The Student Room Group
Reply 1
look for the Range. thats the value.
Intellect.x
I have my maths exam tomorrow and seem to be very stuck on this part.
Someone post a site where it explains it well.
I know how to complete the square but am unsure about how to find the min. and max. values??

Thanks


Haven't done this for a while, but it is just saying the positive and negative answer. When you work out the answer, it will either be positive or negative, so that's your answer.
To complete the square you'll need a positive or negative number to cancel the number out and leave X.

Say if it's like X-2, then +2 will cancel out the -2 and leave X.

IDK if that's what you wanted or not?
Reply 4
Intellect.x
I have my maths exam tomorrow and seem to be very stuck on this part.
Someone post a site where it explains it well.
I know how to complete the square but am unsure about how to find the min. and max. values??
Thanks


You will most probably have to complete the square but only occasionally do they ask you to take it any further.

y = x^2 - 6x + 17
complete the square
y = (x - 3)^2 - 9 + 17
y = (x - 3)^2 + 8

the minimum value of this is when x - 3 = 0, i.e. x=3 since any other negative or positive value of x creates a positive number when squared.
The minimum value when x=3 is obviously 8.
Whenever you complete the square you can immediately 'see' the coordinates of the minimum point.

Never seen a GCSE question where it was -x^2 which would mean that you were looking at a maximum.
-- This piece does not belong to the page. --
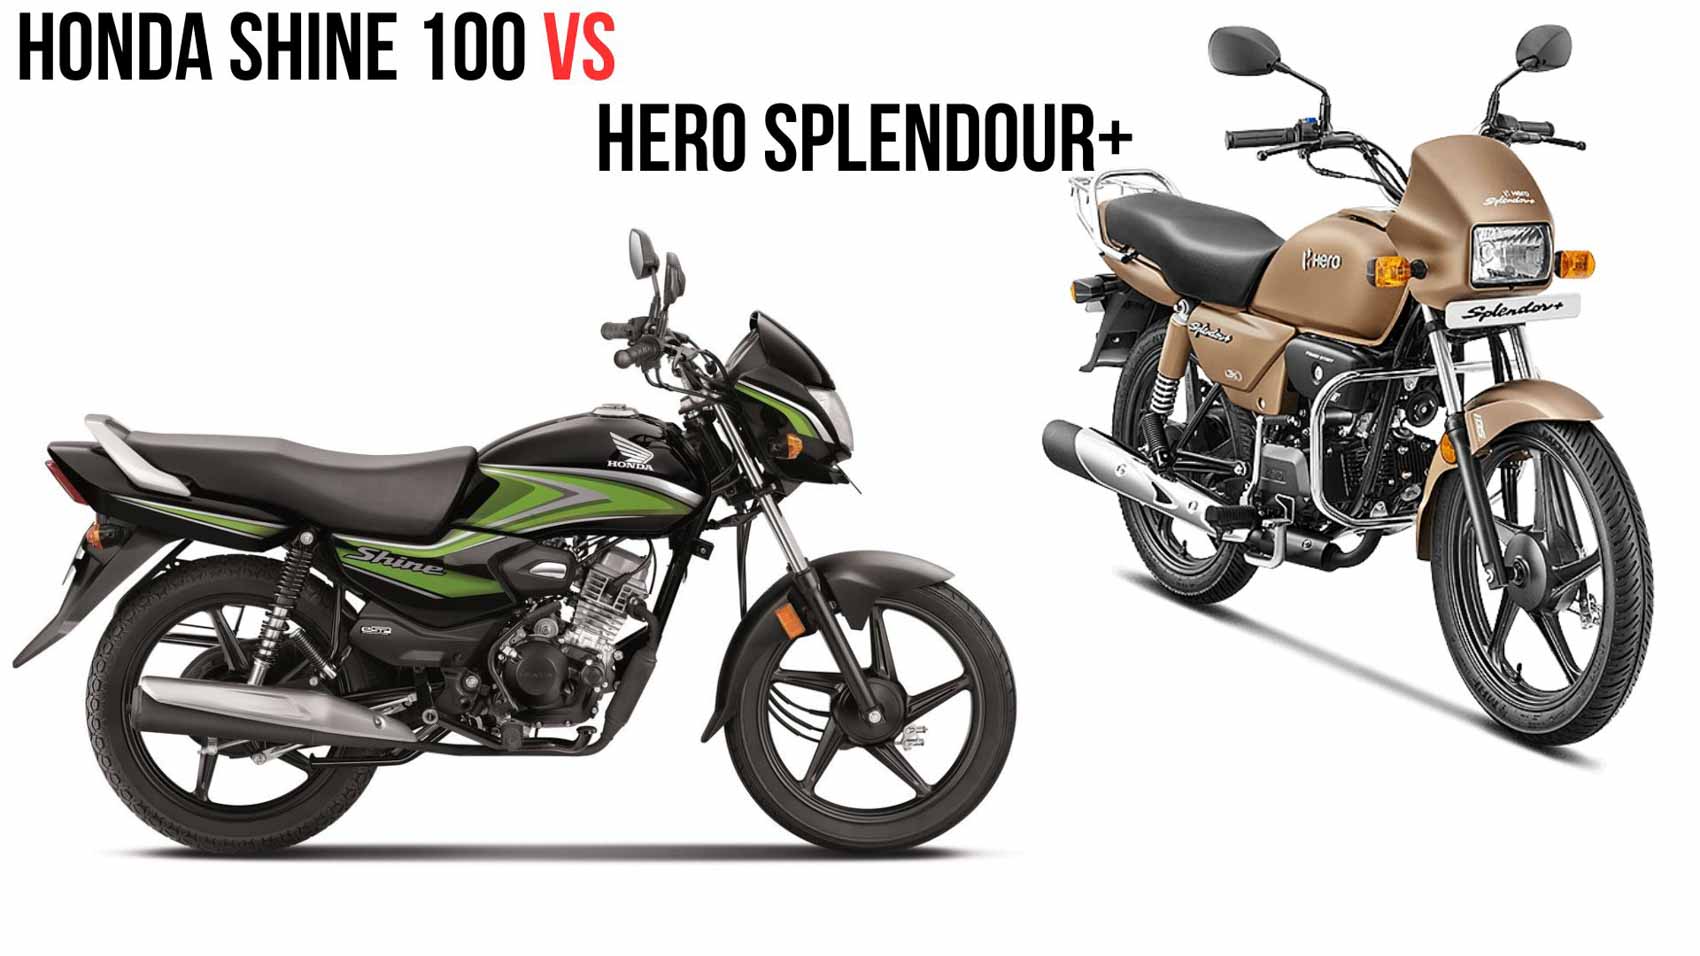 Honda Shine 100 vs Hero Splendor Plus: Price, Features, Specs and

You can also use complete the square to 'solve' when it doesn't factorise
y = x^2 - 4x + 1
y = (x - 2)^2 - 3

(x - 2)^2 - 3 = 0
(x - 2)^2 = 3
square root both sides
x - 2 = + or - sqrt 3
x = 2 + sqrt 3 or 2 - sqrt 3
Are you a-level/gcse? If you're doing a-level second order differentiate the curve----> if you get a positive value it is a minimum point. If it is a negative value it is a maximum point.
Reply 6
Original post by 130ss
look for the Range. thats the value.


This is a very interesting point of view. Your academic and intellectual knowledge is clearly above average. However, I cannot help but think your explanation is lacking in depth and detail. Considering the context and contextual analysis of the topic, perhaps you could take the time to write a slightly more focused and critical response. The use of the noun 'range', could suggest that you are trying to put the reader into a state of insecurity and confusion, by the lack of a definite end point. I hope you take my constructive criticism beneficially and it helps you with your further studies. Thank you for your time, kind regards, LBBJ :smile:
once you have

y = ( x + a )2 + b

the minimum ( vertex ) is at ( -a, b )

so the y values are b

if it is the other way up then

y = -( x + a )2 + b

the maximum ( vertex ) is at ( -a, b )

so the y values are b
Original post by LBBJ
This is a very interesting point of view. Your academic and intellectual knowledge is clearly above average. However, I cannot help but think your explanation is lacking in depth and detail. Considering the context and contextual analysis of the topic, perhaps you could take the time to write a slightly more focused and critical response. The use of the noun 'range', could suggest that you are trying to put the reader into a state of insecurity and confusion, by the lack of a definite end point. I hope you take my constructive criticism beneficially and it helps you with your further studies. Thank you for your time, kind regards, LBBJ :smile:


Original post by the bear
once you have

y = ( x + a )2 + b

the minimum ( vertex ) is at ( -a, b )

so the y values are b

if it is the other way up then

y = -( x + a )2 + b

the maximum ( vertex ) is at ( -a, b )

so the y values are b


Helpful, but you're both about 6 years late. :tongue: